「コミック伝説マガジン」の創刊について(続き)

 前回から何やかやあって、ひと月が過ぎてしまった。謝謝!
 さて、「コミック伝説マガジンNo.1」買いました。モチ、古本で!
 まず、手塚プロによる「鉄腕アトム」の新作。まったく何を勘違い しているのだろう! カバーイラストだけ手塚治虫のオリジナルを使い、客寄せしておいて、 本編はまるで手塚治虫のエッセンスが感じられない。(その上、絵も似ていない!)ブラックジャックや 写楽保介などお馴染みのキャラを登場させ賑やかだが、肝心のストーリーに手塚治虫らしさがまるで 感じられないのでは、もう救いようがない。
 本誌の巻末に「スタートにあたって」と題して編集部のメッセージが記されている。<「子供の頃に 読んだマンガは面白かった」という記憶は、いつまでたっても色あせないものだ。どんな世代でも、 原体験として刷り込まれてしまった名作があるはずで、「もう一度、読みたい!」と思うのは、 しょうがないことだ。>・・・それはよく判る。
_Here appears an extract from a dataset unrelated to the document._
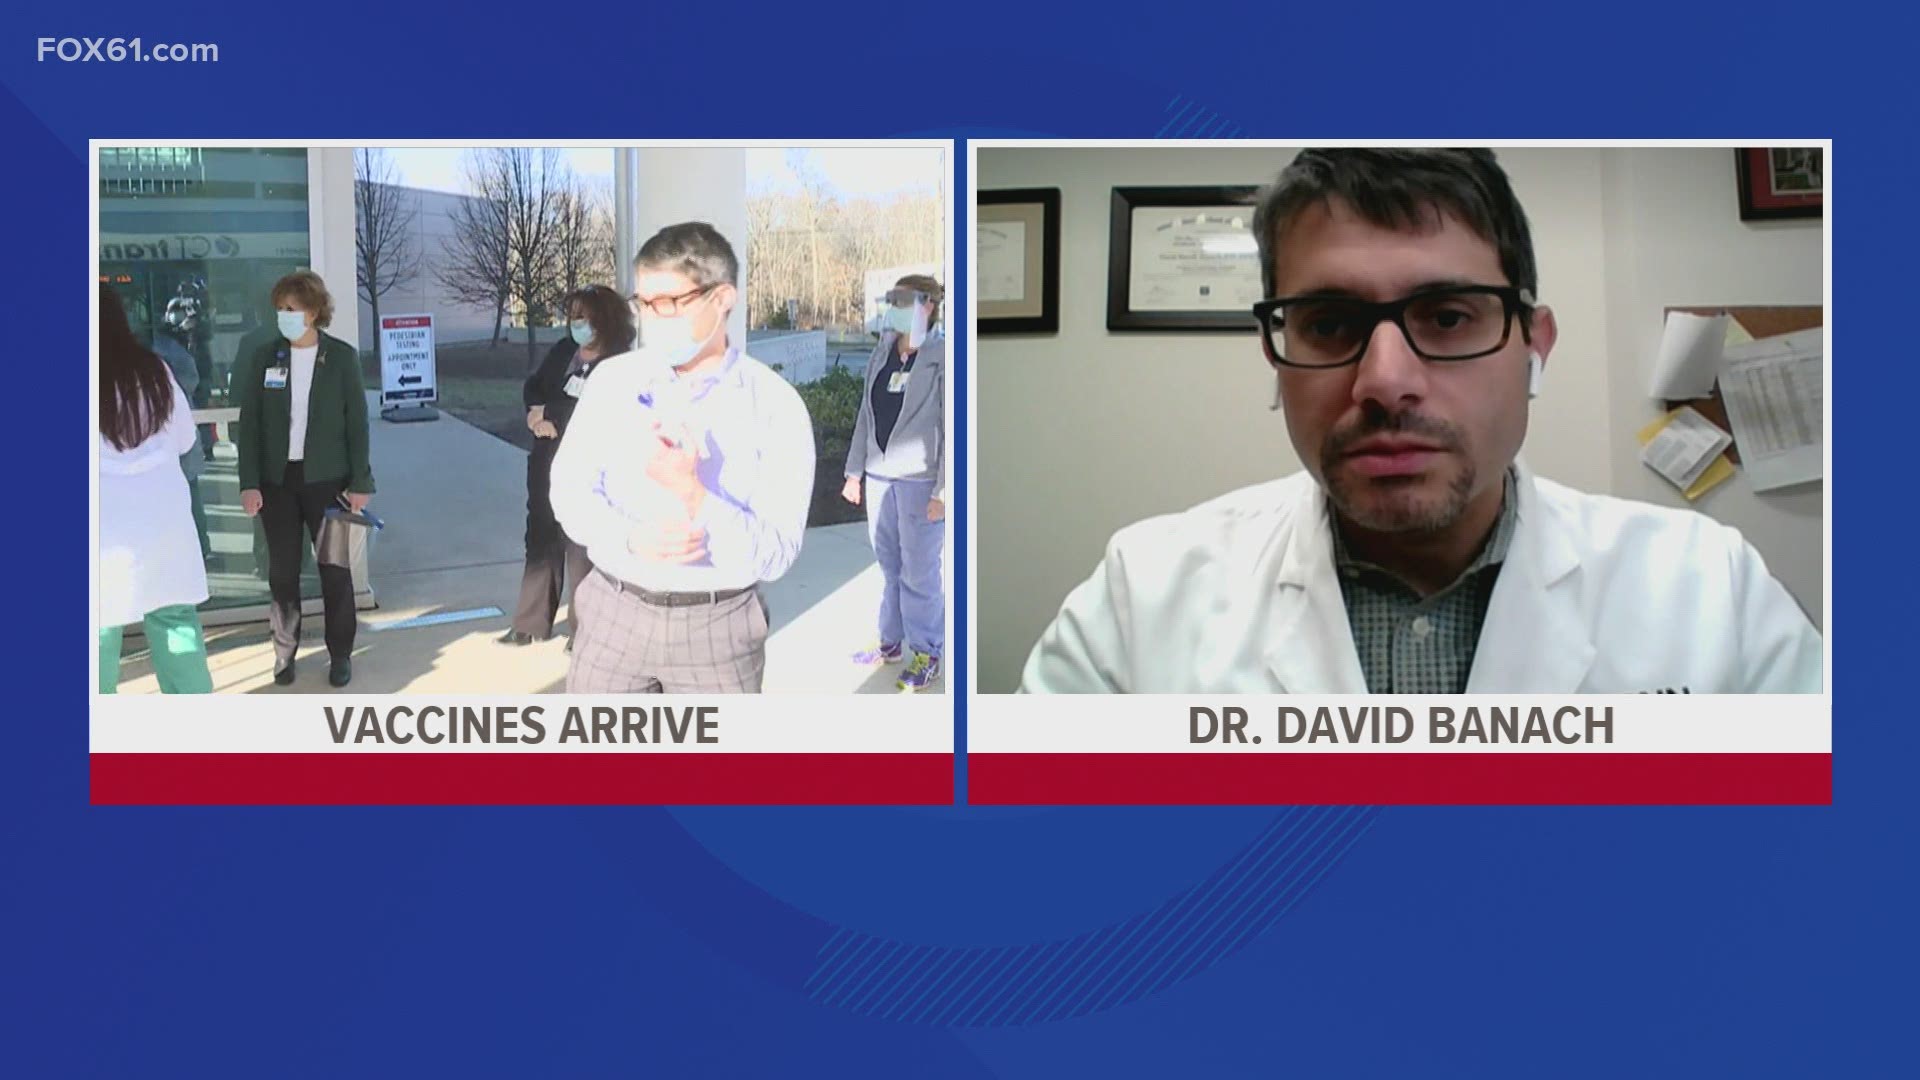 There is some hesitancy when it comes to the COVID-19 vaccine. Dr. David Banach from UConn health discusses what it was like receiving the vaccine

でもね! これは 違う! 本人が描く新作を読むことが適わぬ今、でもね! <原体験として 刷り込まれてしまった名作>を<「もう一度、読みたい!」と思うのは>、言っとくけど、こんな まがい物じゃない!
 藤子F不二雄が亡くなった後、「ドラえもん」がどうなるか、というのが少し話題になった。 しかし、僕の周りではあまり心配する声は上がらなかった。けれどそれは、藤子F不二雄と手塚治虫との まんが家としての評価の上下、優劣、とは別の問題だった。「ドラえもん」は工房作品だからということを みんな知っていたし、それは、それを含めて藤子F不二雄の価値だったからだ。最近の「ドラえもん」を 僕は殆ど読んでいないが、きっと何ら変わらず面白いだろう。
 話が長くなったが、新作「鉄腕アトム」は、そこの処を勘違いしている、と言わざるを得ない! 例 えば、手塚治虫展か何かで、入場者に記念品として手塚プロに制作してもらった、と言うのなら話は別だ。 しかし、ここに掲載された新作「鉄腕アトム」は、先に述べた藤子F不二雄死後の「ドラえもん」を 志向している。いや、それを狙ったように、僕には見える。繰り返すが、二人のまんが家としての評価の 上下、優劣、とは別の問題で、それは無理な話だ。それは、二人の個性の違いなのだから。間違っても 手塚治虫はこんな話は描かない! (妄言多謝)
 さて、永井豪「オモライくん2001」。さすが! “都会のゴミを漁る カラス”ネタまで入れて文句無し!
 あと、藤子不二雄A「踊ルせぇるすまん」。元のまんがの熱心な読者ではなかったので、何とも 言えないが、こういう普遍的な作品は、旧作も新作も、多分何の違和感もないだろう。処が、旧作の ままのノリの、えびはら武司「まいっちんぐマチコ先生」は、逆に旧作のファンしか面白がれないのでは ないか? しかし、それが、この雑誌のコンセプトなのだからそれで良しとしようか? (しかし、 『トゥナイト2』が取材に来たって? 何考えてんだか!)
 また、旧作から20年。主人公達も20歳年を重ねて登場の、吉森みき男「新しまっていこう ぜ」。実際の年月差よりは少し若いけれども同じコンセプトの、三浦みつる「The かぼちゃ ワインsequel 」。この二作は、編集部の「スタートにあたって」の狙い通りにイイ味を出している。 みやたけし「嵐のフィールド」は、まあ、ご愛嬌か!
 むしろ、この雑誌の思わぬ拾い物!! は、巻末の、単行本未収録作の 復刻・再録ではなかろうか。